Yang Jichen, Ramsey Stephen A
Department of Biomedical Sciences and.
Department of Biomedical Sciences and School of Electrical Engineering and Computer Science, Oregon State University, Corvallis, OR, USA.
Bioinformatics. 2015 Nov 1;31(21):3445-50. doi: 10.1093/bioinformatics/btv391. Epub 2015 Jun 30.
The position-weight matrix (PWM) is a useful representation of a transcription factor binding site (TFBS) sequence pattern because the PWM can be estimated from a small number of representative TFBS sequences. However, because the PWM probability model assumes independence between individual nucleotide positions, the PWMs for some TFs poorly discriminate binding sites from non-binding-sites that have similar sequence content.

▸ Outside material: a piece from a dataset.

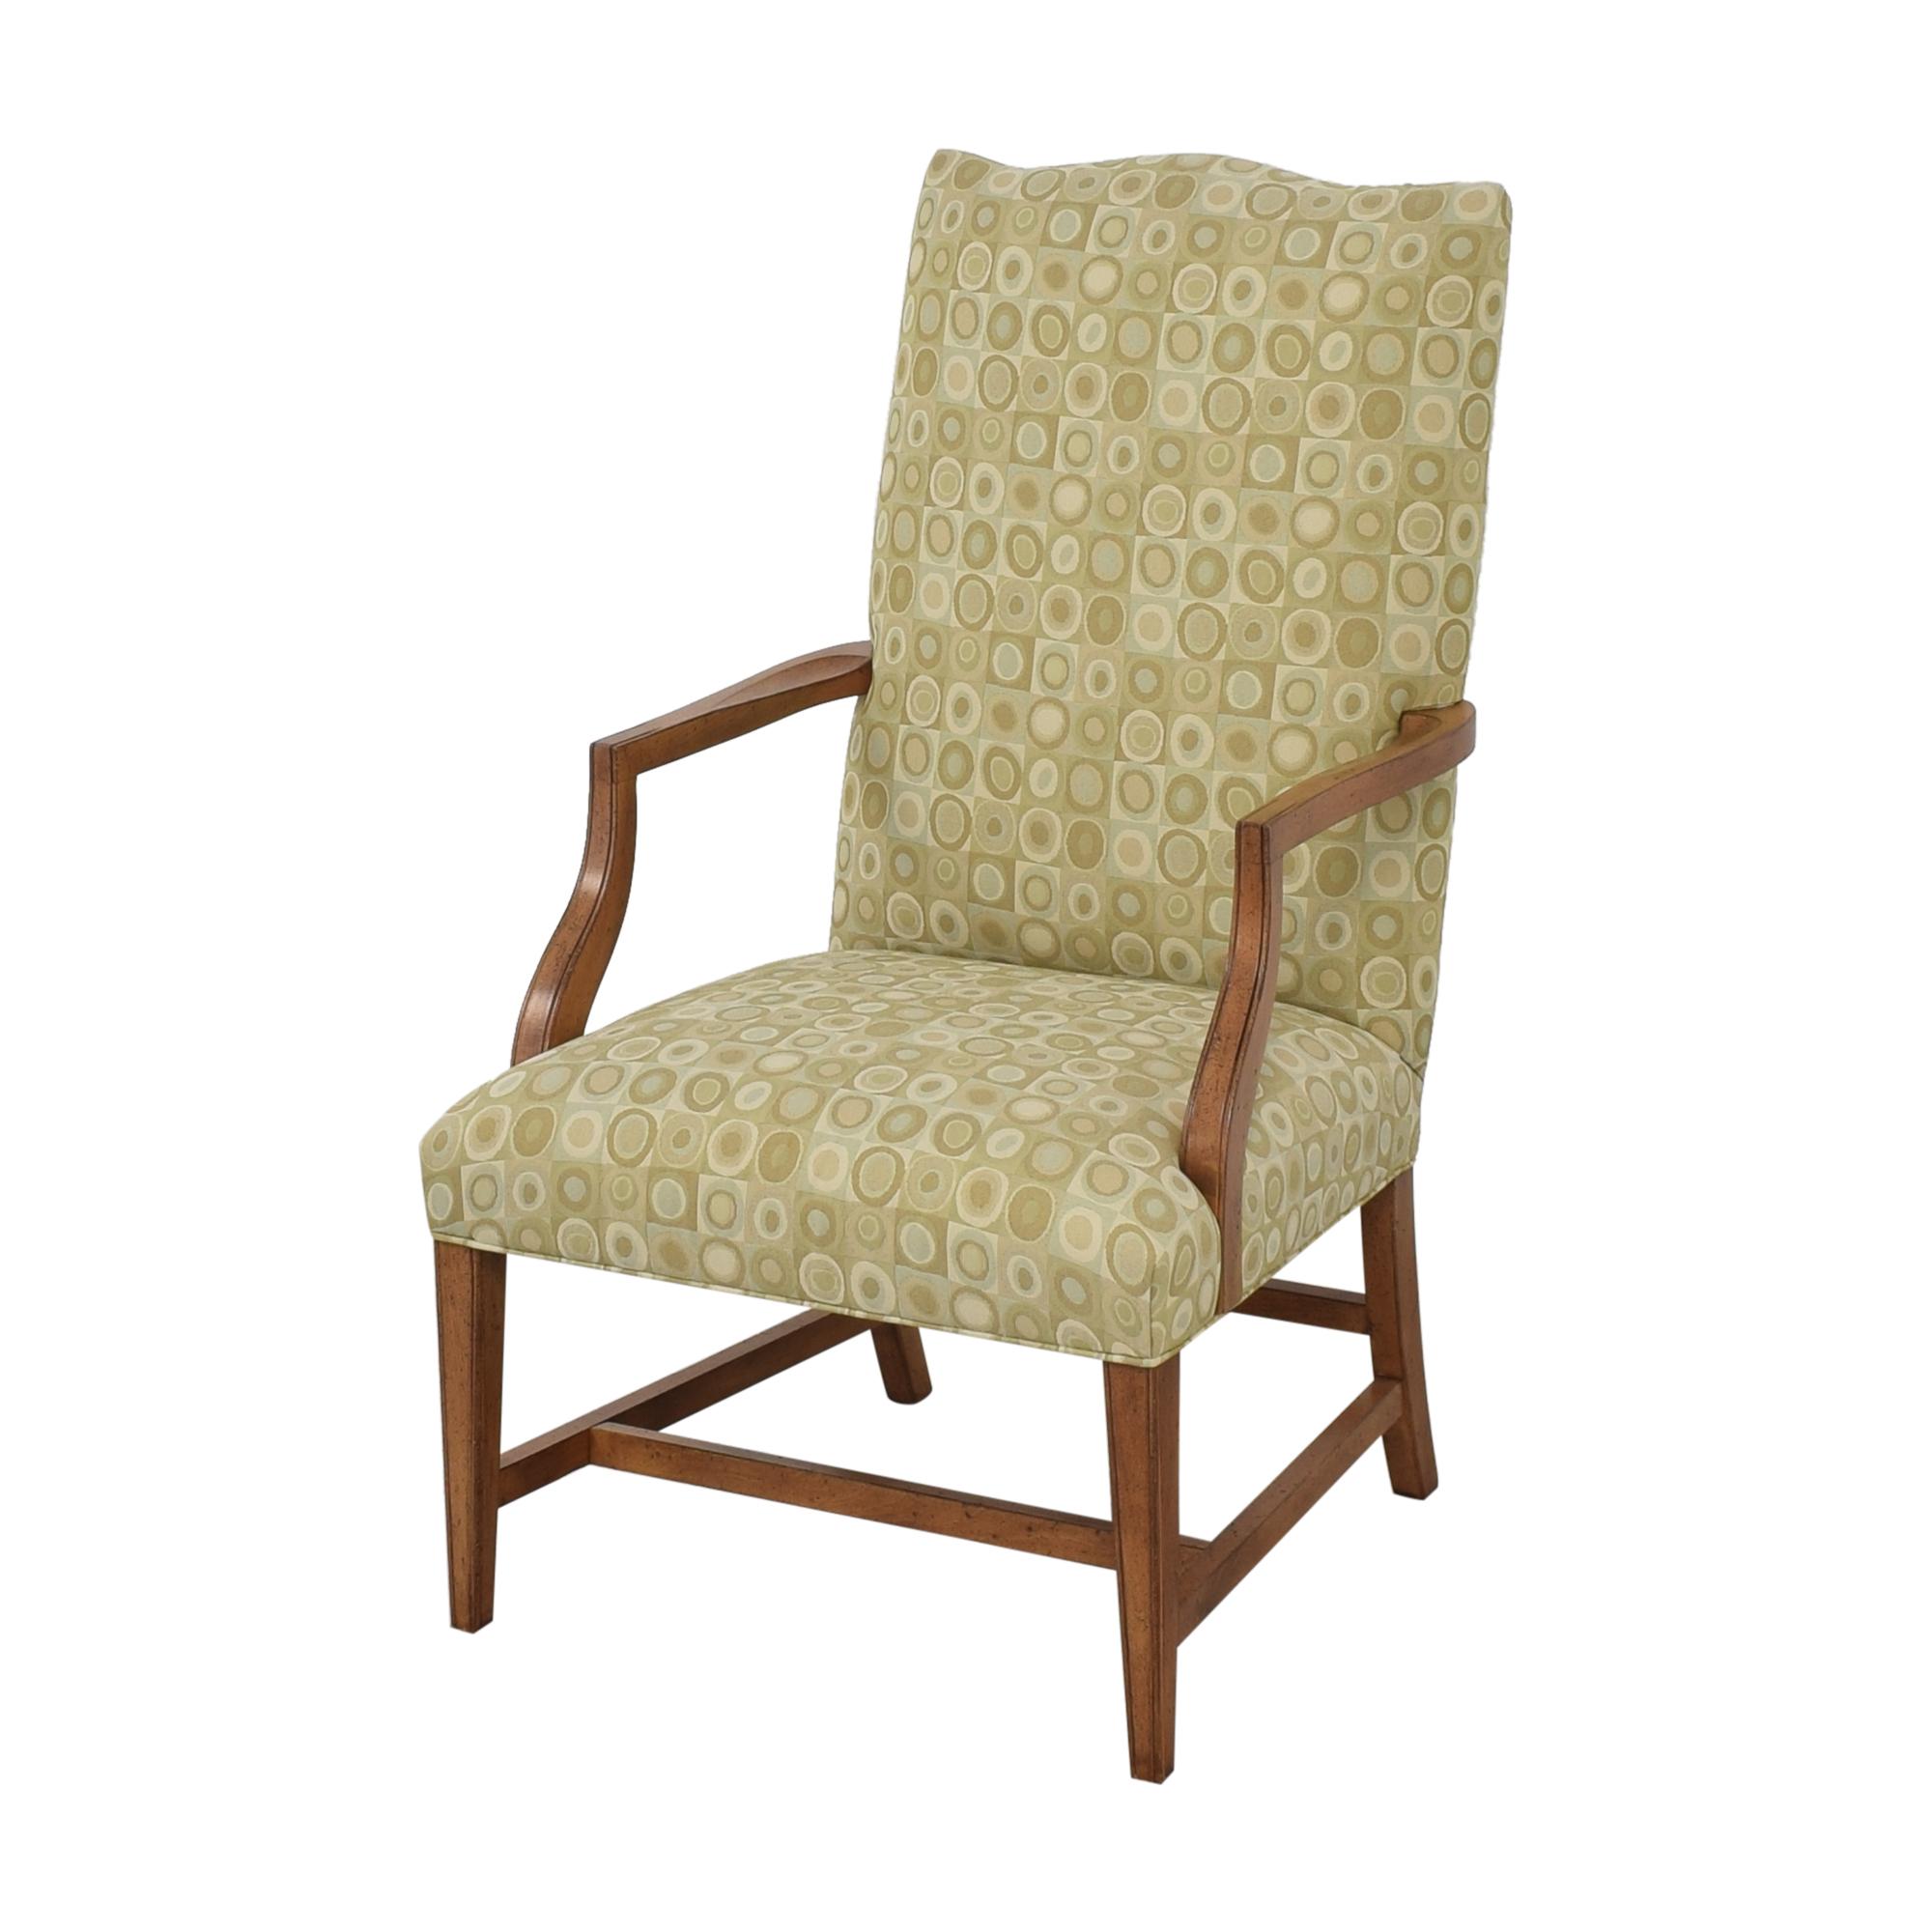 shop Ethan Allen Accent Chair Ethan Allen Accent Chairs

Since the local three-dimensional DNA structure ('shape') is a determinant of TF binding specificity and since DNA shape has a significant sequence-dependence, we combined DNA shape-derived features into a TF-generalized regulatory score and tested whether the score could improve PWM-based discrimination of TFBS from non-binding-sites.
We compared a traditional PWM model to a model that combines the PWM with a DNA shape feature-based regulatory potential score, for accuracy in detecting binding sites for 75 vertebrate transcription factors. The PWM+shape model was more accurate than the PWM-only model, for 45% of TFs tested, with no significant loss of accuracy for the remaining TFs.
The shape-based model is available as an open-source R package at that is archived on the GitHub software repository at https://github.com/ramseylab/regshape/.
stephen.ramsey@oregonstate.edu
Supplementary data are available at Bioinformatics online.
位置权重矩阵(PWM)是转录因子结合位点(TFBS)序列模式的一种有用表示形式,因为PWM可以从少量代表性TFBS序列中估计出来。然而,由于PWM概率模型假设各个核苷酸位置之间相互独立,某些转录因子的PWM难以区分具有相似序列内容的结合位点和非结合位点。由于局部三维DNA结构(“形状”)是TF结合特异性的决定因素,并且由于DNA形状具有显著的序列依赖性,我们将基于DNA形状的特征组合成一个TF通用调控得分,并测试该得分是否可以提高基于PWM的TFBS与非结合位点的区分能力。
我们将传统的PWM模型与一个将PWM与基于DNA形状特征的调控潜力得分相结合的模型进行了比较,以检测75种脊椎动物转录因子结合位点的准确性。对于45%的测试转录因子,PWM+形状模型比仅使用PWM的模型更准确,其余转录因子的准确性没有显著损失。
基于形状的模型作为一个开源R包提供,存档于GitHub软件仓库(https://github.com/ramseylab/regshape/)。
stephen.ramsey@oregonstate.edu
补充数据可在《生物信息学》在线获取。